Quoi qu'on en dise, nous nous efforçons de ne pas mélanger les notions, mais le sujet est extrêmement compliqué : il est aisé de broder sur les concepts, mais nettement plus malaisé de passer à la phase opérationnelle. Quand des droits spécifiques sont accordés à certains salariés, cela doit être parfaitement juste, mesurable et objectif, faute de quoi de nouvelles inégalités apparaissent et doivent être compensées à leur tour. Nombre de pays ont d'ailleurs refermé le dossier et en sont restés aux notions d'incapacité ou d'invalidité. La France étant un pays de forte tradition sociale, nous pensons qu'il convient de s'attaquer à cette question, posée depuis des années sans qu'un lien très fort ait été établi avec la retraite, hormis la mesure relative aux 50 % d'invalidité. Des tentatives ont été faites vers 1975, mais elles ont abouti à des généralités, qui ne sont plus de mise aujourd'hui. Nous ne mélangeons donc rien, nous essayons d'agir le plus justement possible. Je ne prétends pas que notre solution soit idéale, mais elle va vraiment dans le bon sens et peut d'ailleurs être encore améliorée.

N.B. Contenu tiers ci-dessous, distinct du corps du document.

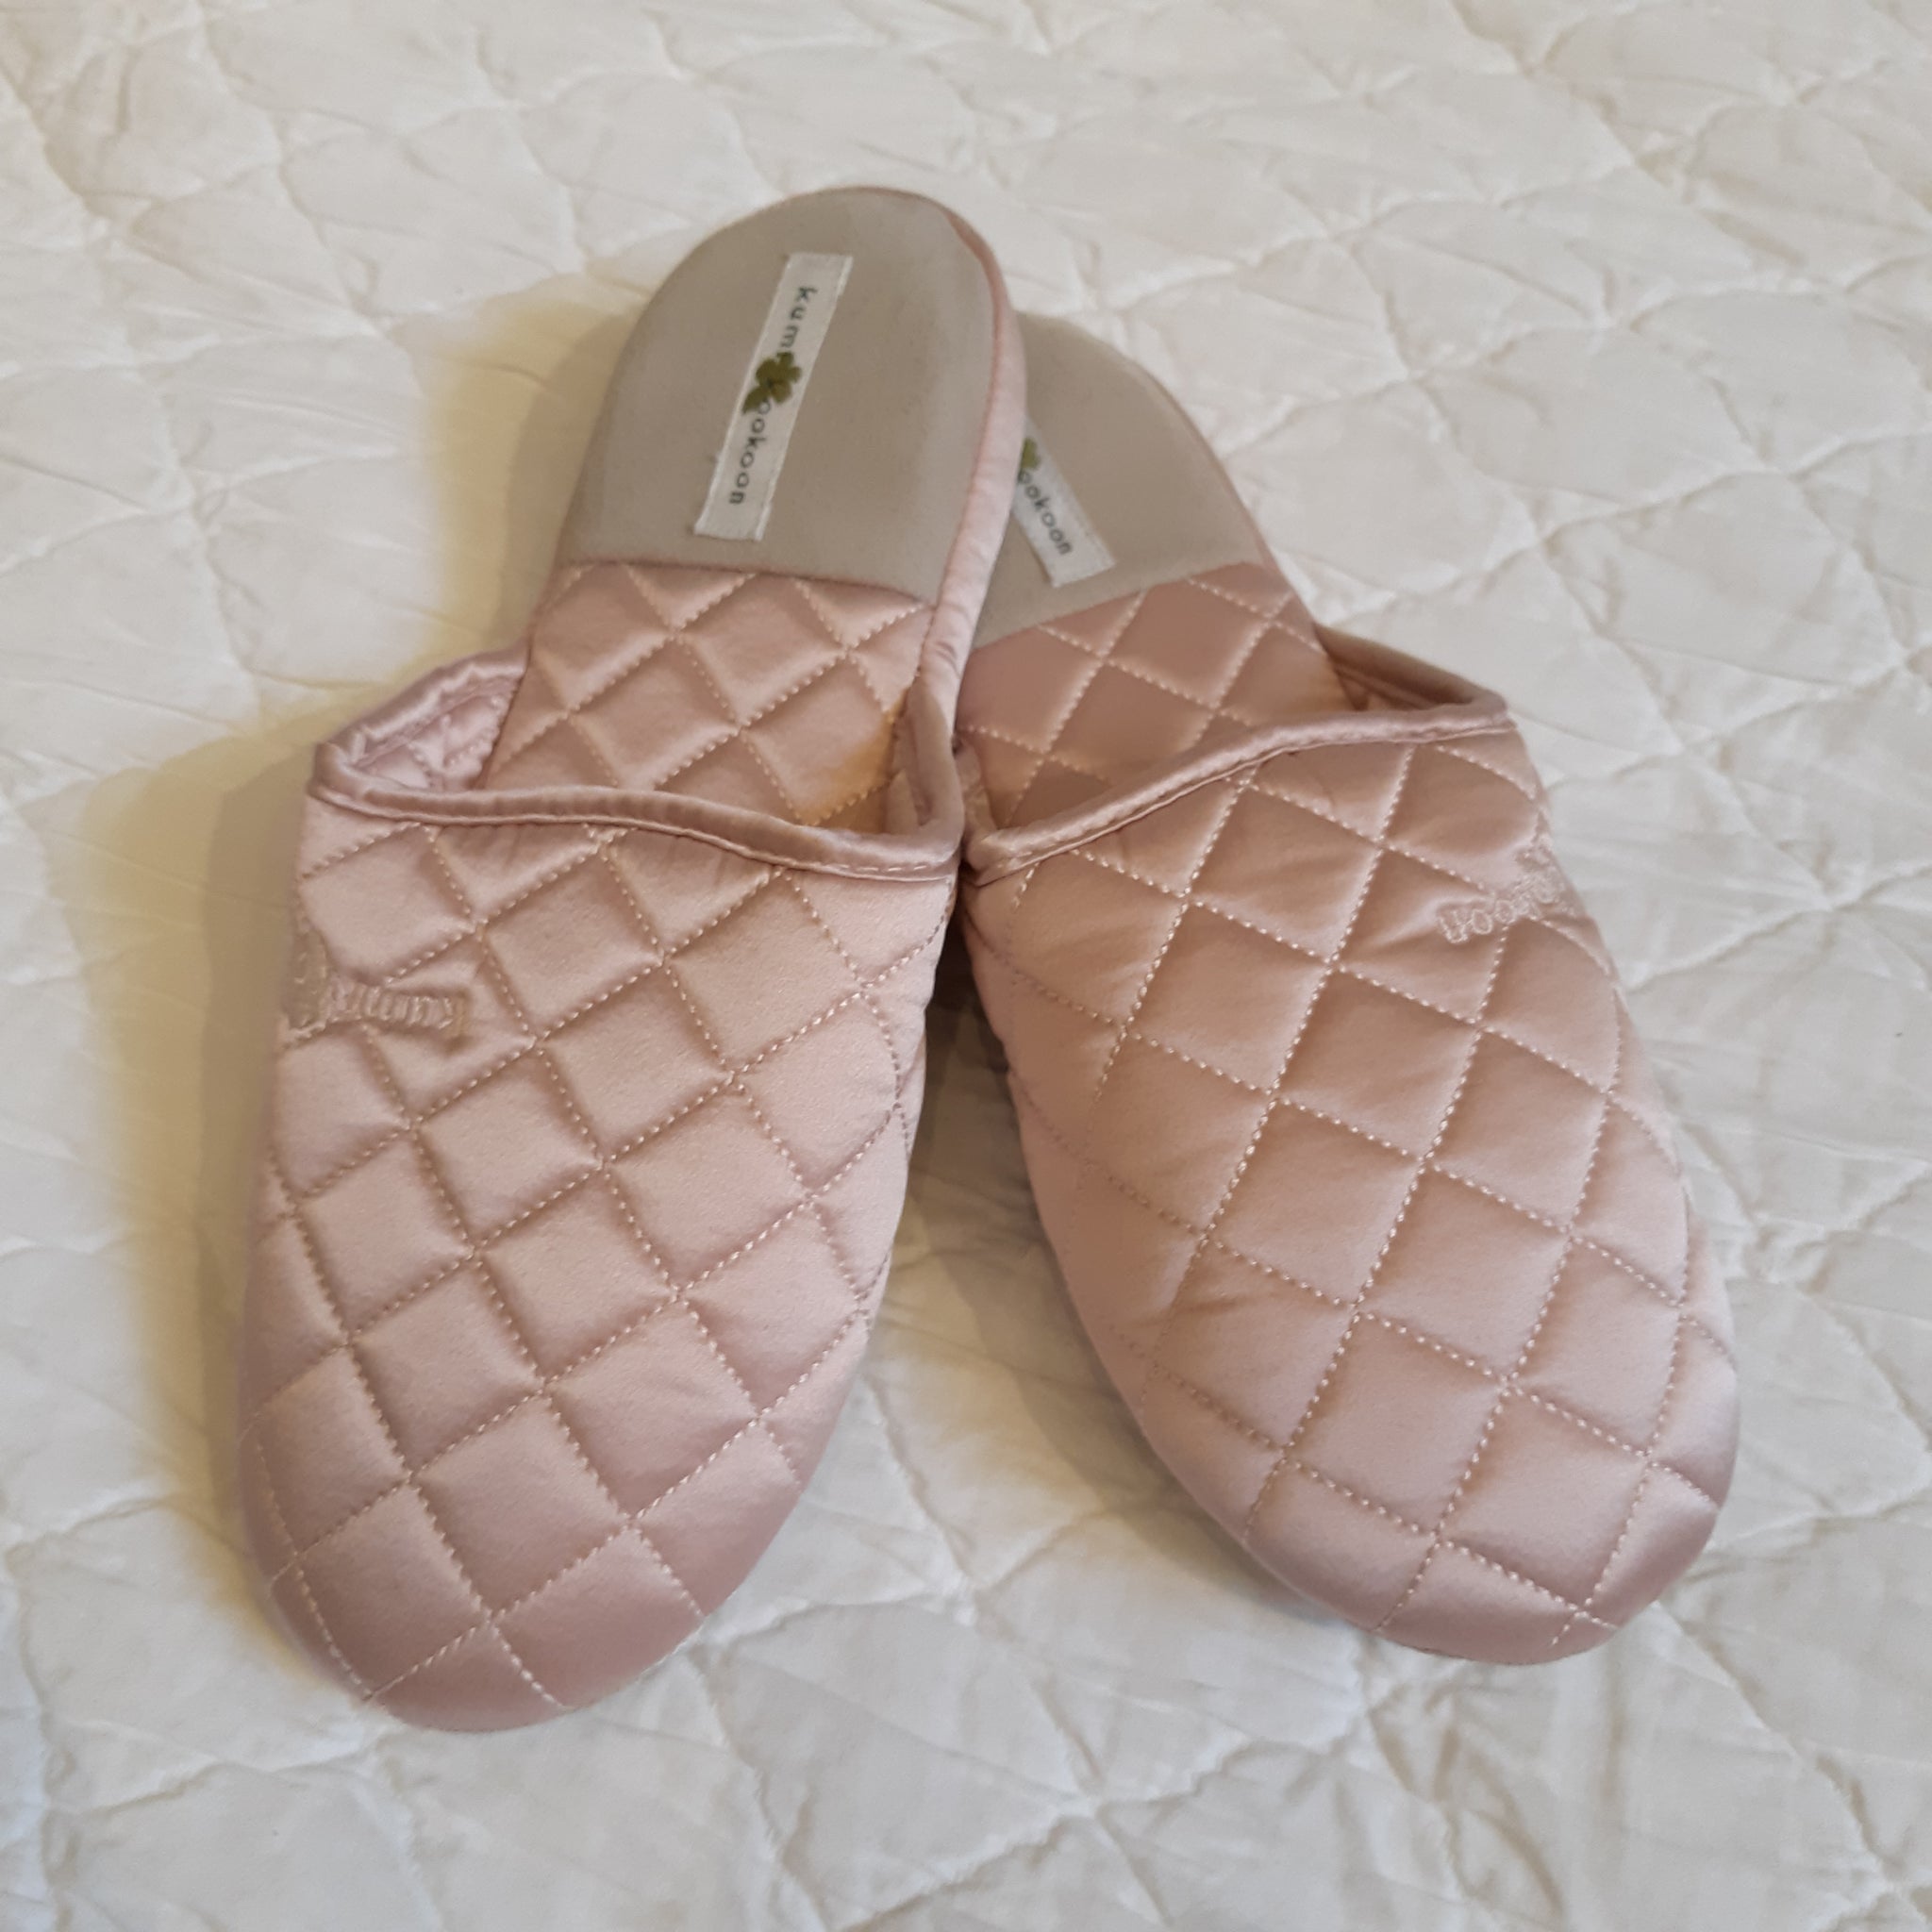 silk slippers

Madame Billard, madame Fraysse, l'espérance de vie ne saurait être le critère unique : il importe beaucoup aussi que cette vie après la retraite soit ou ne soit pas accompagnée d'une incapacité. Le port de charges très lourdes dans le bâtiment, par exemple, n'a pas d'incidence sur l'espérance de vie, mais les salariés concernés ne vieilliront peut-être pas dans les mêmes conditions que les autres. Il importe donc de considérer l'incapacité.

Le vrai enjeu consiste à choisir entre un traitement collectif et un traitement individuel, et entre un traitement des effets différés et un traitement des effets immédiats. Nous avons opté pour un traitement individuel des effets immédiats. En effet, en l'état des choses, nous sommes dans l'incapacité de proposer une approche collective : nous ne savons tout simplement pas faire. Il existe, certes, des matrices d'exposition en fonction des emplois, par exemple pour l'exposition au benzène, pendant telle durée, dans tel type de métier, mais elles ne couvrent qu'une toute petite partie du monde du travail et, n'aboutissant qu'à des critères très généraux et collectifs, ne permettent pas une traçabilité individuelle. Tel est précisément le chaînon manquant. Le carnet de santé que nous proposons établira cette traçabilité individuelle de façon fine, et nous sommes prêts à ouvrir ce débat, dans un esprit de responsabilité.

Nous sommes incapables de traiter les situations du passé. Il ne suffirait pas, pour le faire, de réunir une commission départementale. Quant aux scientifiques, ils sont très hésitants. S'agissant du travail de nuit par exemple, ils avancent qu'il peut favoriser le cancer du sein chez la femme, les cancers digestifs chez l'homme, mais, d'autres fois, ne parlent que de stress ou de problèmes cardiaques. D'autre part, les salariés qui y sont soumis bénéficient souvent de repos compensateurs, mais parfois aussi d'une rémunération supplémentaire. Dans ce cas, certains pourront produire des feuilles de paie prouvant qu'ils ont perçu des primes à ce titre, mais qu'adviendra-t-il des pauvres malheureux qui n'en ont pas touché ? Faute de traçabilité, nous choisissons un dispositif permettant d'établir un lien entre travail effectué et mesure de l'usure physique.

Le groupe socialiste et certains syndicats – la CFDT notamment –, préconisent l'attribution de bonifications sous forme de trimestres supplémentaires, mais la plupart des salariés en ont accumulé le nombre requis. Une réduction de l'âge de la retraite serait donc plus pertinente.

Monsieur Perrut, les conditions de travail et le rôle de la médecine du travail sont effectivement déterminants. Un deuxième plan de santé au travail vient d'être élaboré et j'espère que nous pourrons introduire dans le texte quelques éléments relatifs aux conditions de travail.

Nous prenons en compte, dans le cadre du régime des accidents du travail et maladies professionnelles (AT-MP), les effets immédiats de la pénibilité, qui peuvent se mesurer objectivement. La discussion entre partenaires sociaux a certes porté sur les facteurs d'exposition, mais selon une approche collective. Or, il vient un moment où l'approche est forcément individuelle.